- [EXERCISE INPUTS]:

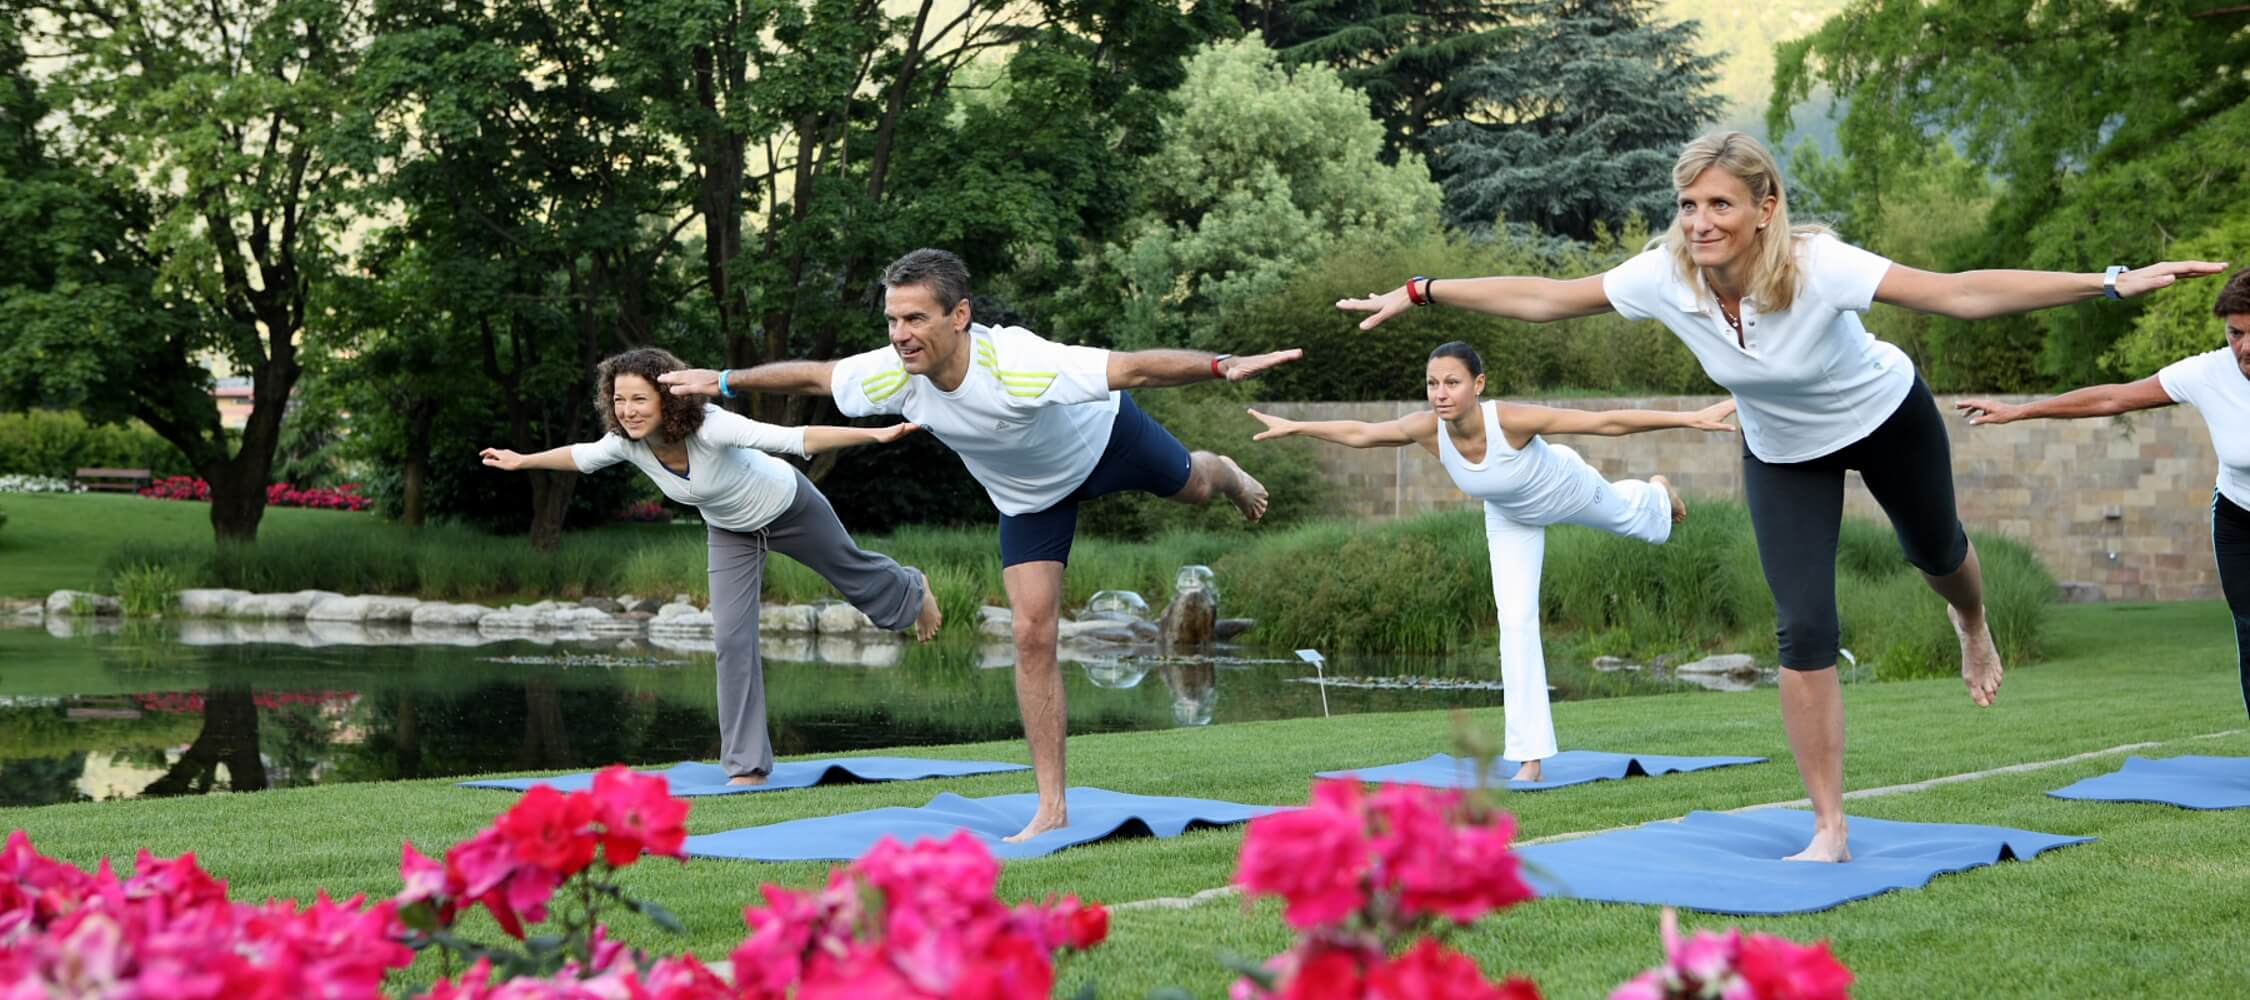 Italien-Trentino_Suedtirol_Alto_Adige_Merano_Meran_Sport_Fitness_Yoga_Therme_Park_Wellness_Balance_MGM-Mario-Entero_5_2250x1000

---

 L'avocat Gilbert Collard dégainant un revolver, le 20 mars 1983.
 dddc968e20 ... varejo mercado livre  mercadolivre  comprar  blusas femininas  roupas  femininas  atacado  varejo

- [WORK REQUEST]: Return only the lines between the one holding "L'avocat Gilbert Collard" and the one holding "dddc968e20 ... varejo", inclusive, exactly as they appear above.

- [EXERCISE OUTPUT]:
 L'avocat Gilbert Collard dégainant un revolver, le 20 mars 1983.
 dddc968e20 ... varejo mercado livre  mercadolivre  comprar  blusas femininas  roupas  femininas  atacado  varejo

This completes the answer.